2. A grinding machine according to claim 1, in which each of the headstock, tailstock and workrest are independently drivable by the drive means relative to the worktable.

3. A grinding machine according to claim 1 or claim 2, in which control signals for the drive means are derived from a computer associated with the machine.

4. A grinding machine according to claim 3, in which the computer is programmed with positional and dimensional information relating to the workpiece or parts thereof to be ground.

5. A grinding machine according to claim 4, in which the computer is at least in part programmed with respect to a lateral reference determined by the relative position of the grinding wheel and the worktable, for positioning of the headstock and/or tailstock and/or workrest.

6. A grinding machine according to claim 4 or claim 5, in which the computer is at least in part programmed with respect to a reference provided by a probe adapted to be relatively movable towards and away from the workpiece and in a direction parallel to the axis of the workpiece in order to enable a part of the workpiece to be located by said probe.

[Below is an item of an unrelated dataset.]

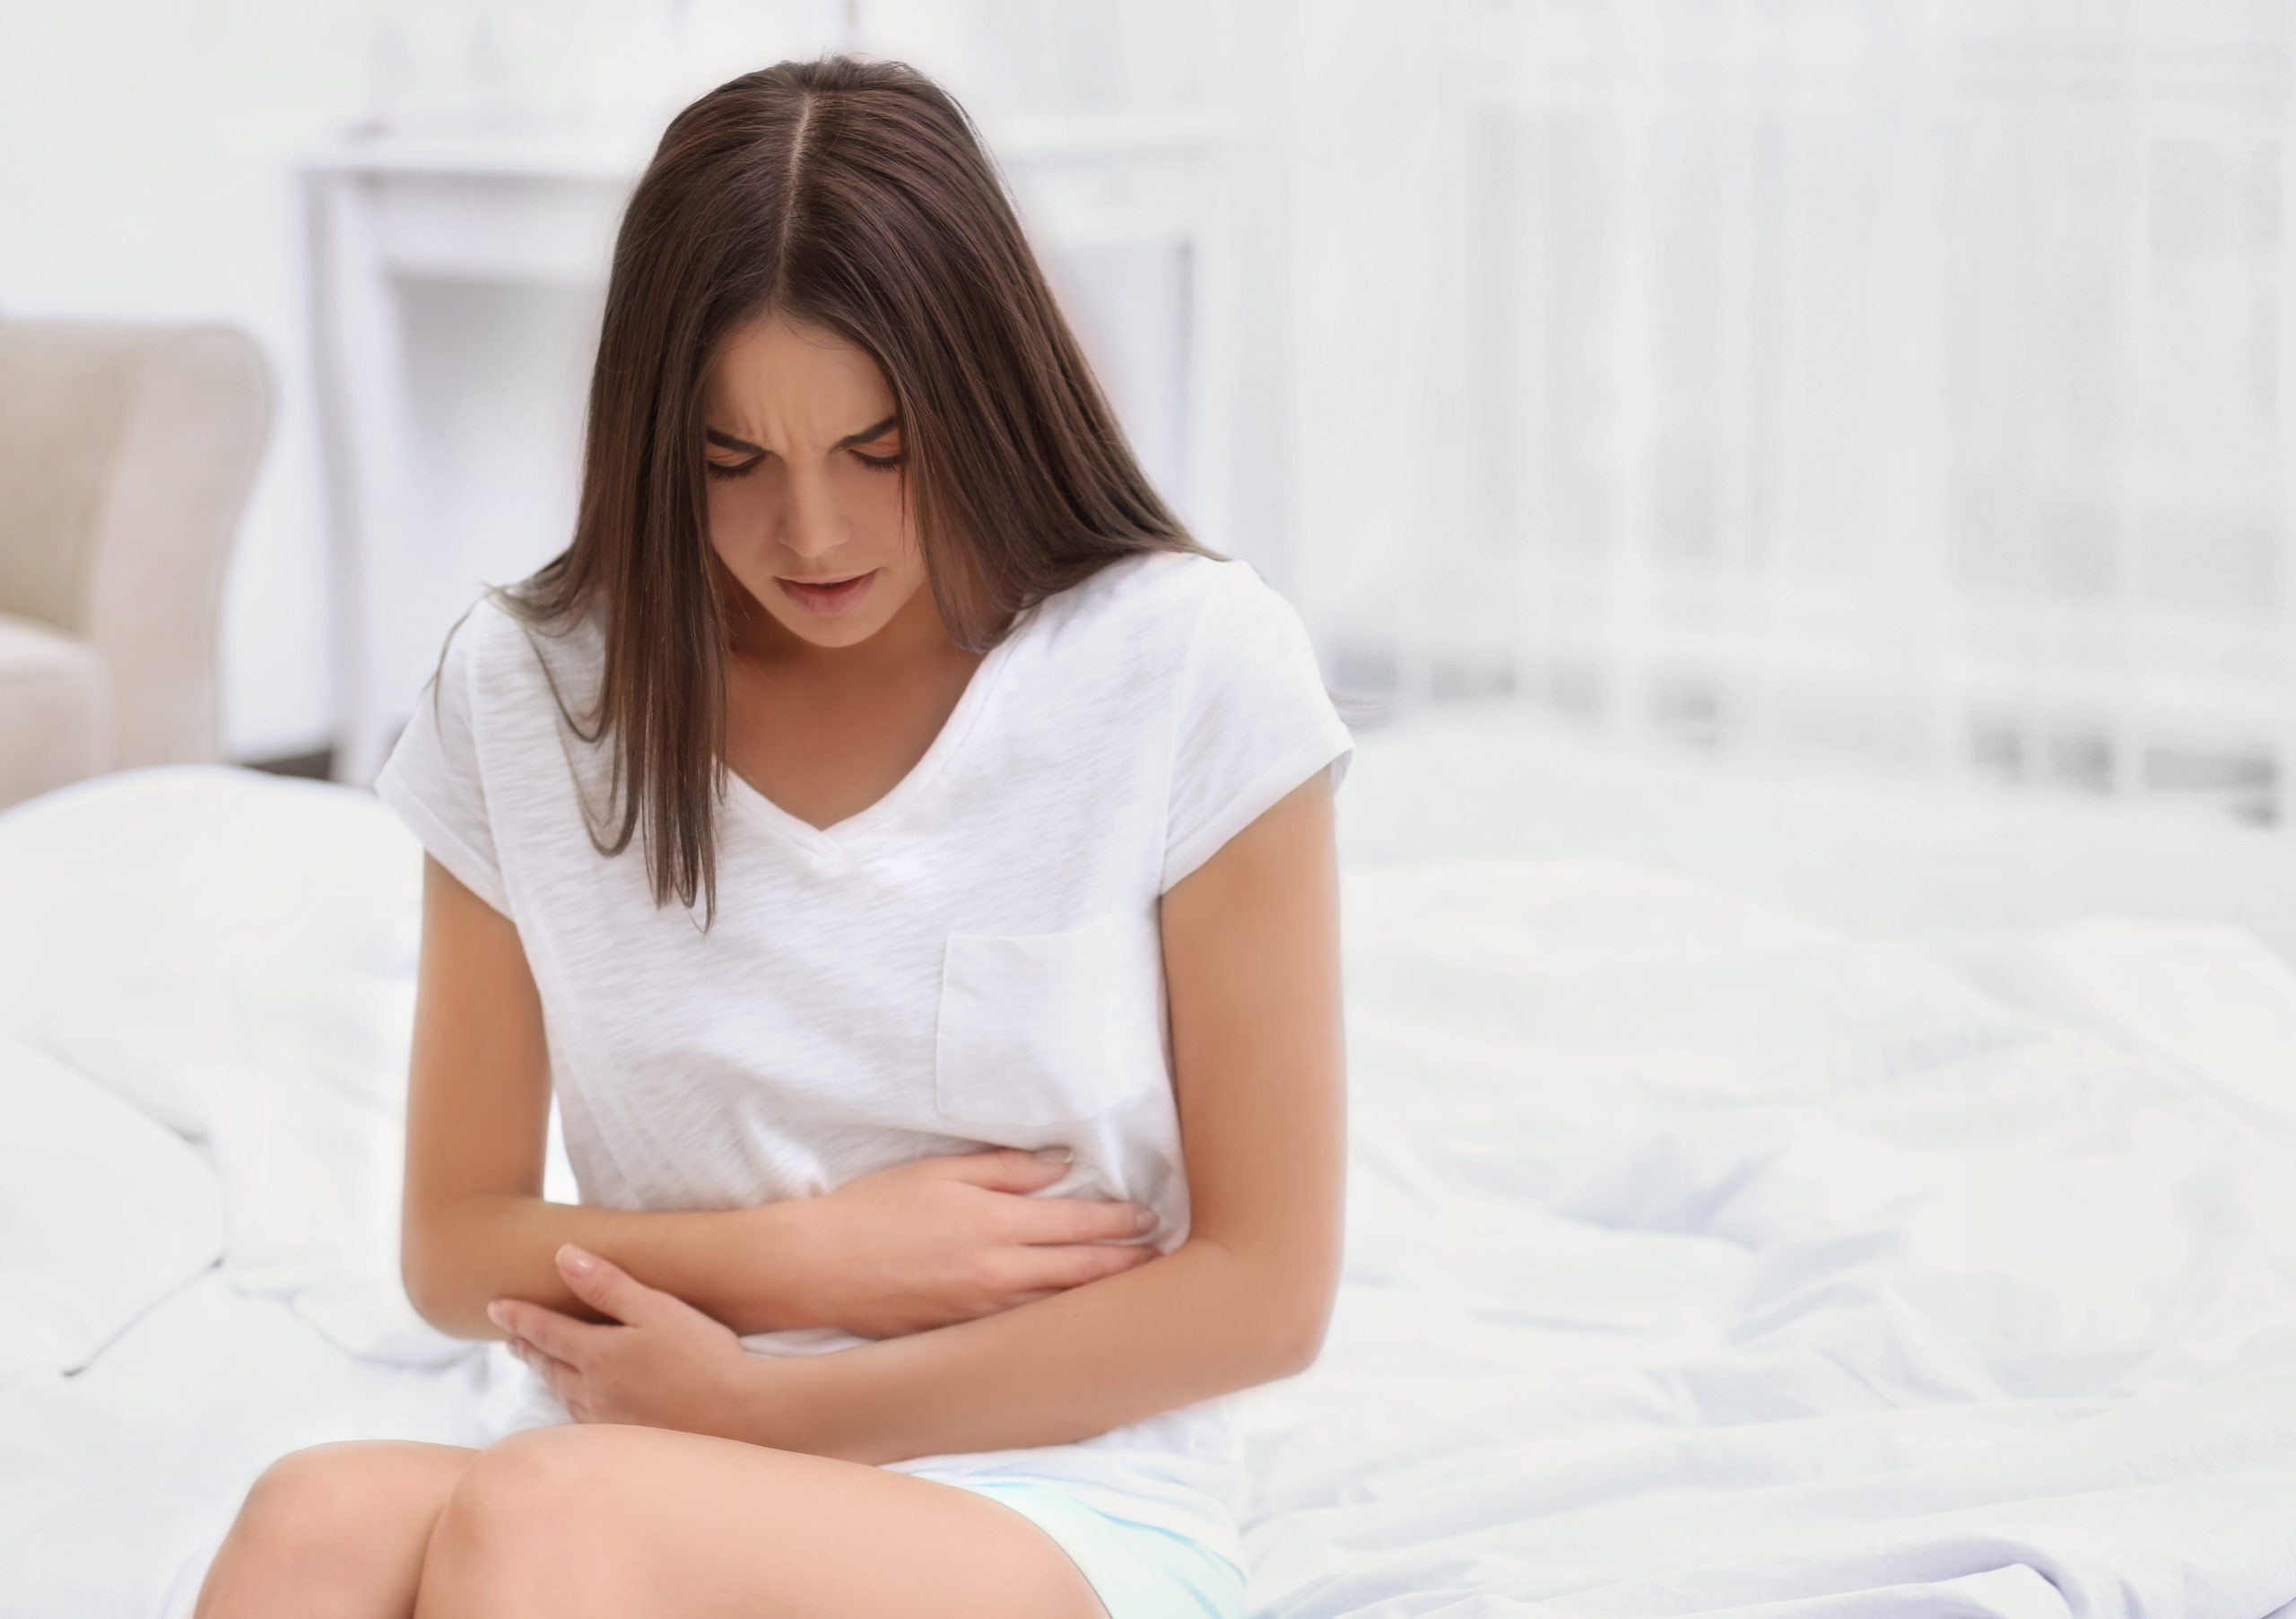 Young woman suffering from abdominal pain due to endometriosis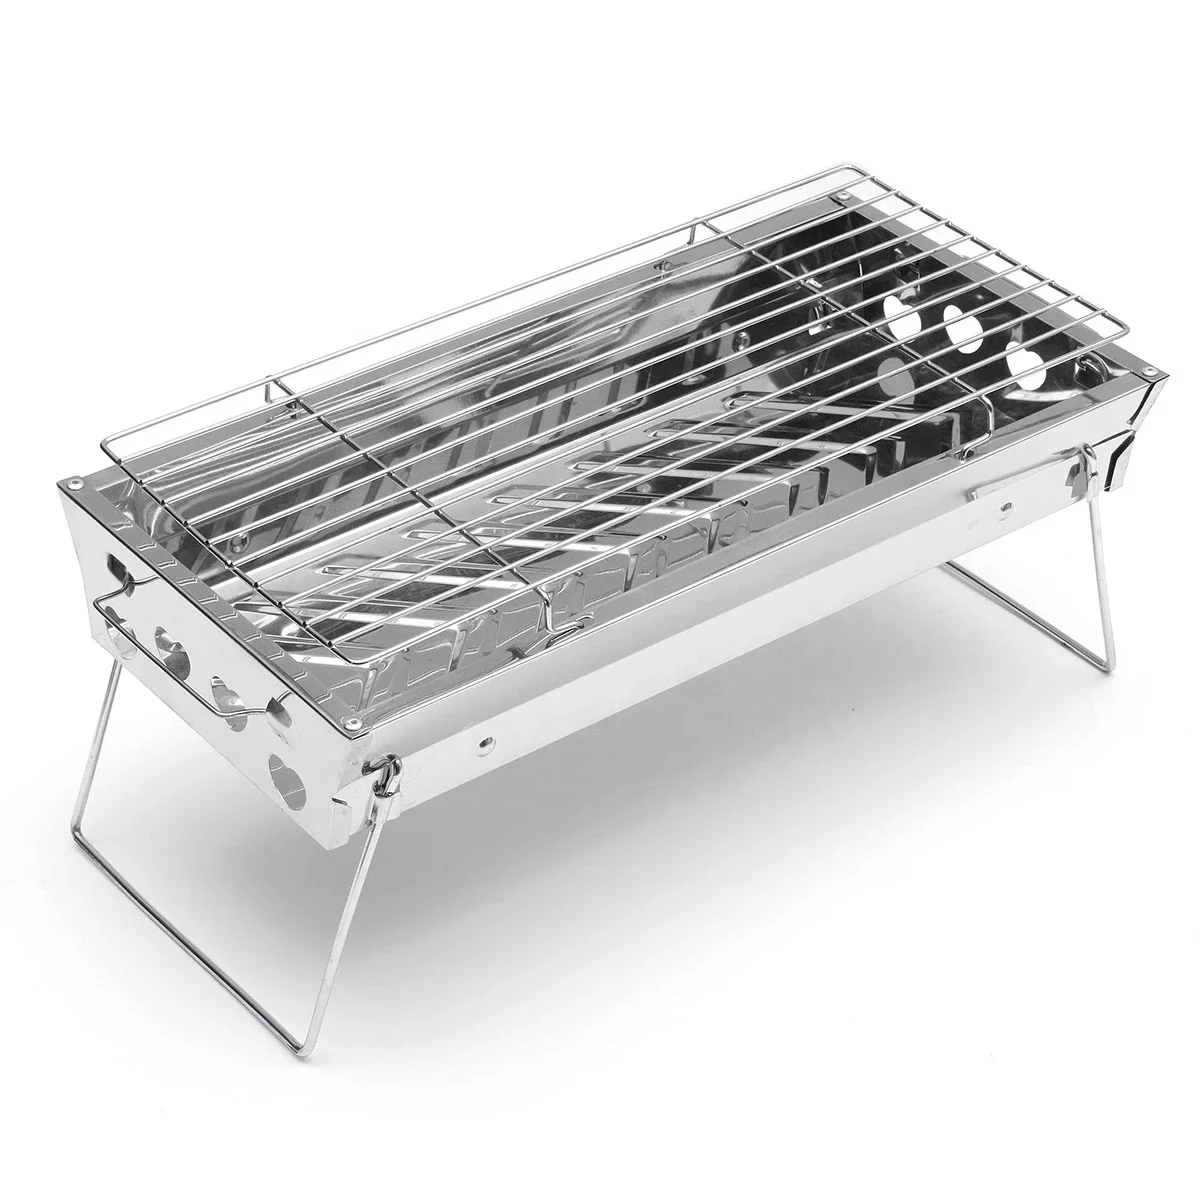 

TY Picnic BBQ Charcoal Grills Stainless Steel BBQ Grill Folding BBQ Barbecue Accessories Charcoal Camping Grill, Silver

7. A grinding machine according to claim 5 or claim 6, in which the computer utilises the relative lateral positions of radial faces of the workpiece automatically to position the worktable so that parts to be ground are sequentially located for grinding by the grinding wheel.

8. A grinding machine according to any of claims 5 to 7, in which the computer utilises information relating to the length of a component automatically to position the tailstock relative to the worktable.

9. A grinding machine according to any of claims 5 to 8, in which the computer utilises component diameter information automatically to position one or more workrests relative to the worktable.

10. A grinding machine according to any of claims 5 to 9, in which the axis of the grinding wheel can be swivelled under control of the computer for the inclined grinding of the workpiece.